» Work order: As you reproduce every line below, keep it exactly as written and leave out the images.

---------- Available data

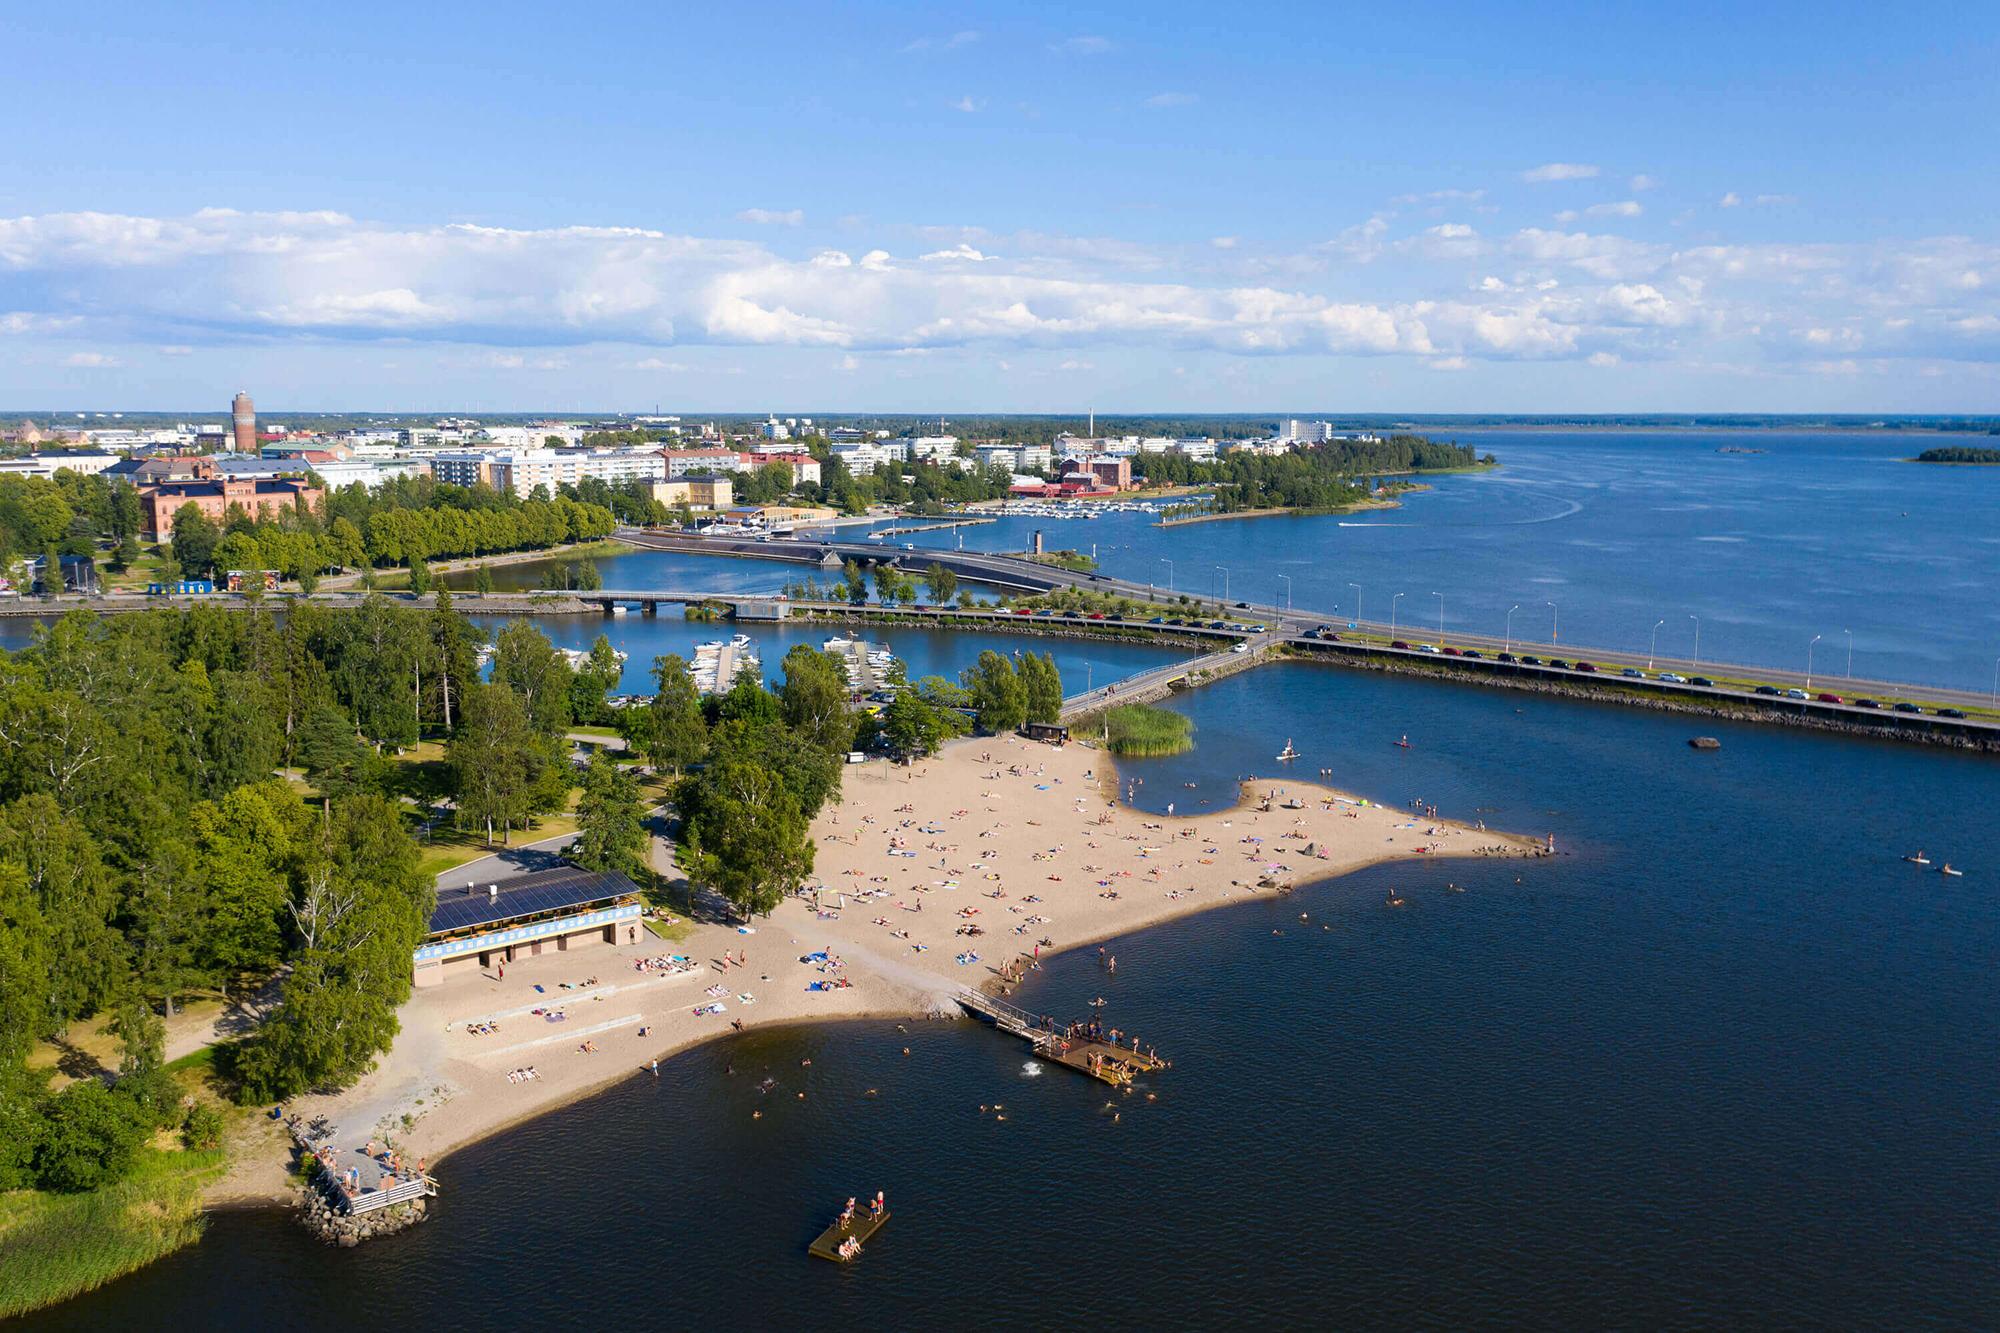 Die finnische Stadt Vaasa an der Kvarken Wasserstraße im Bottnischen Meerbusen
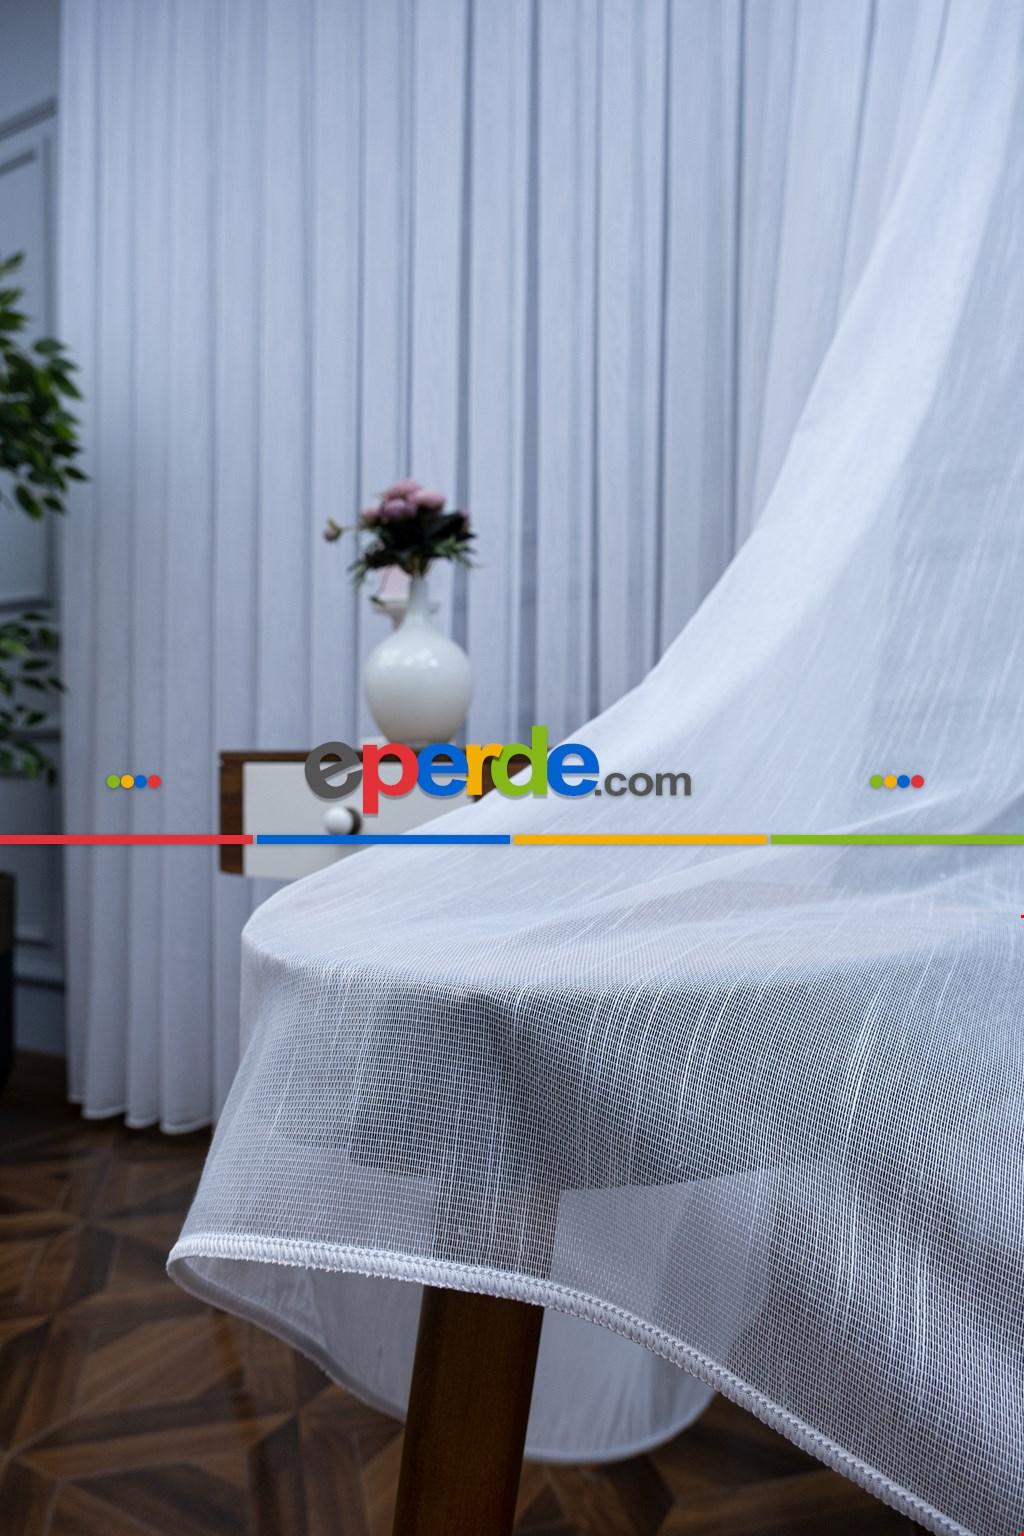 Salon Beyaz Tül Perde - 2264-v01- Beyaz
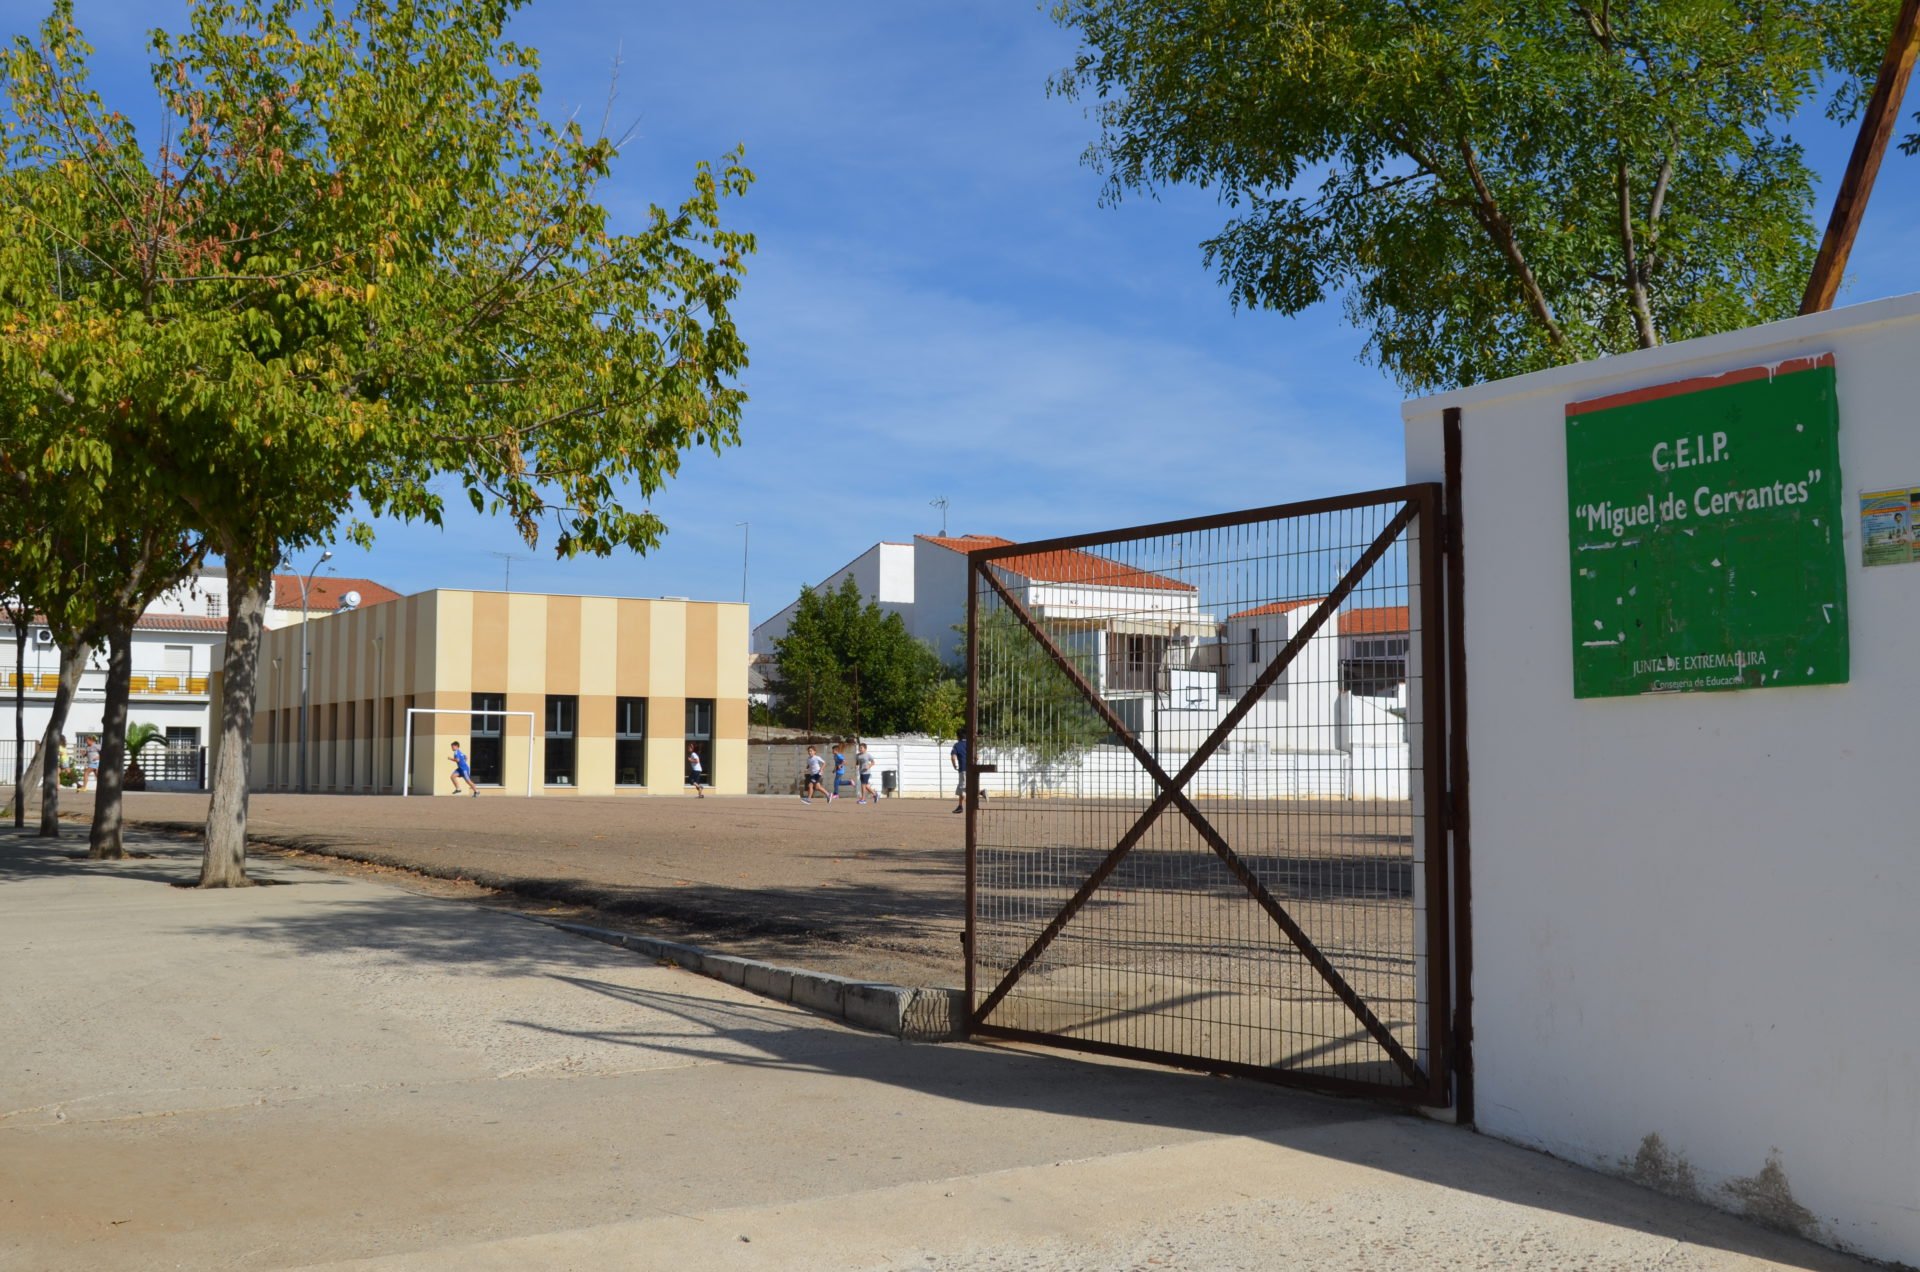 Educación realizará distintas mejoras de infraestructuras en los colegios Cervantes, Santiago y el pabellón del
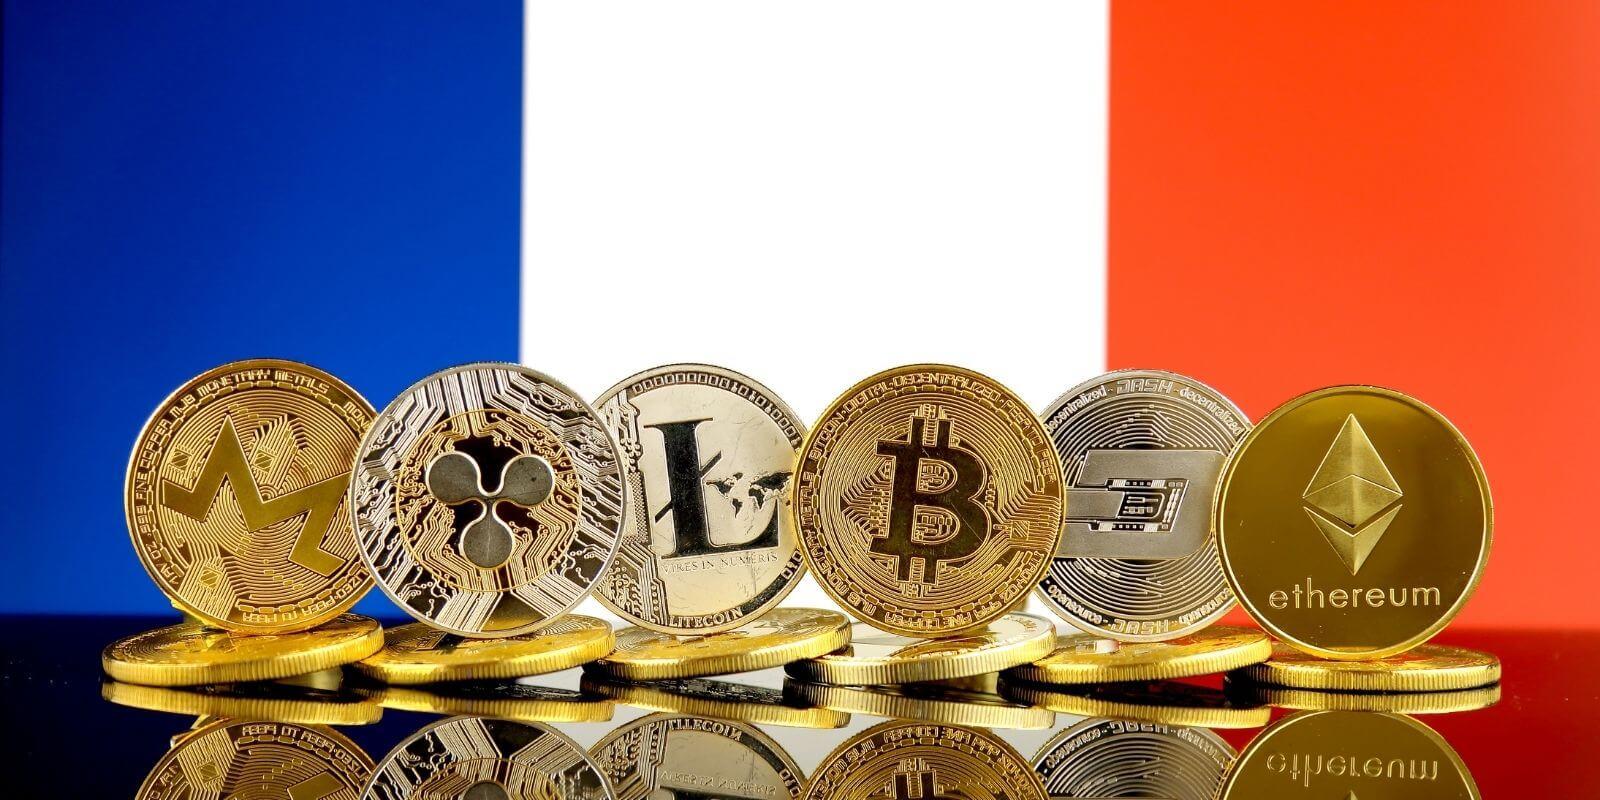 La maîtrise technique des cryptomonnaies est-elle un enjeu de souveraineté pour la France ?
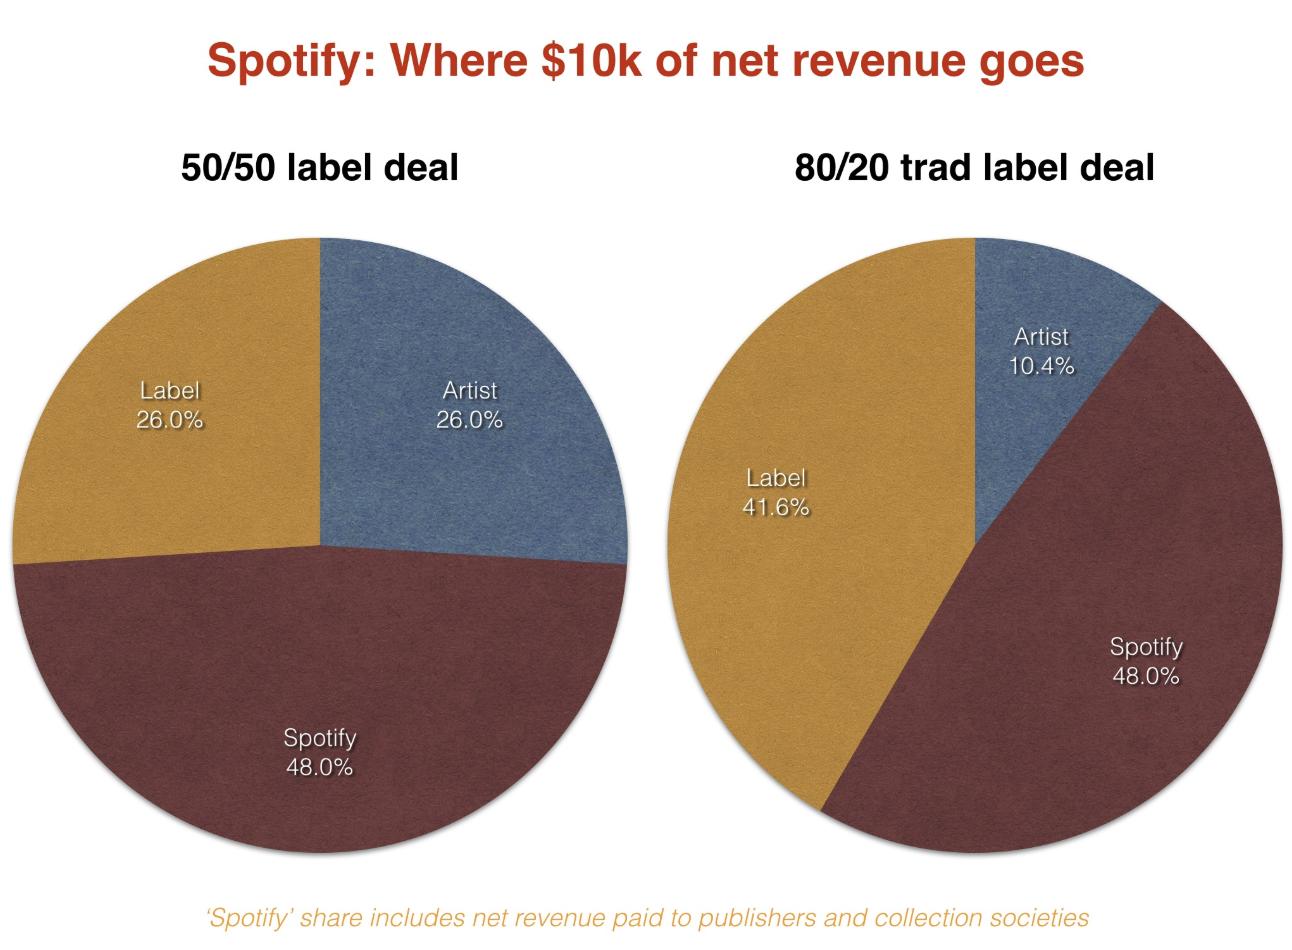 Ladda upp musik på spotify gratis
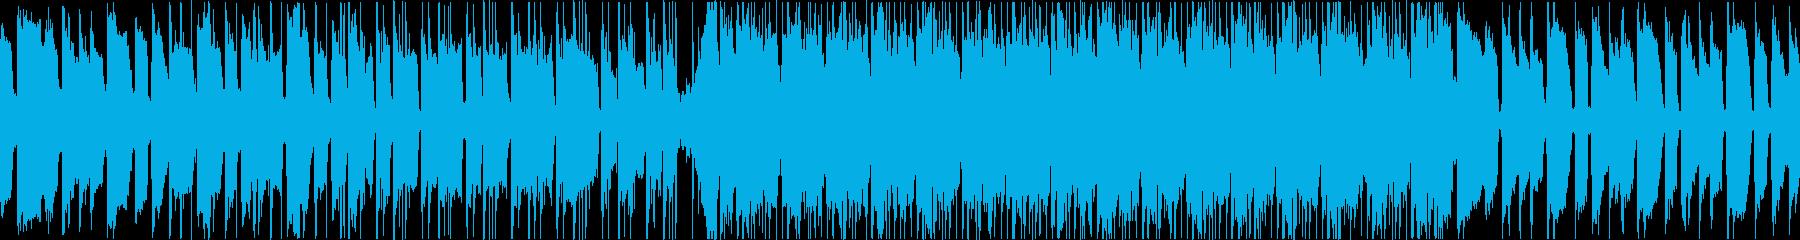 ローファイ、R&B、おしゃれ、CMの再生済みの波形

--------------------

» Answer for the task:
 Die finnische Stadt Vaasa an der Kvarken Wasserstraße im Bottnischen Meerbusen
 Salon Beyaz Tül Perde - 2264-v01- Beyaz
 Educación realizará distintas mejoras de infraestructuras en los colegios Cervantes, Santiago y el pabellón del
 La maîtrise technique des cryptomonnaies est-elle un enjeu de souveraineté pour la France ?
 Ladda upp musik på spotify gratis
 ローファイ、R&B、おしゃれ、CMの再生済みの波形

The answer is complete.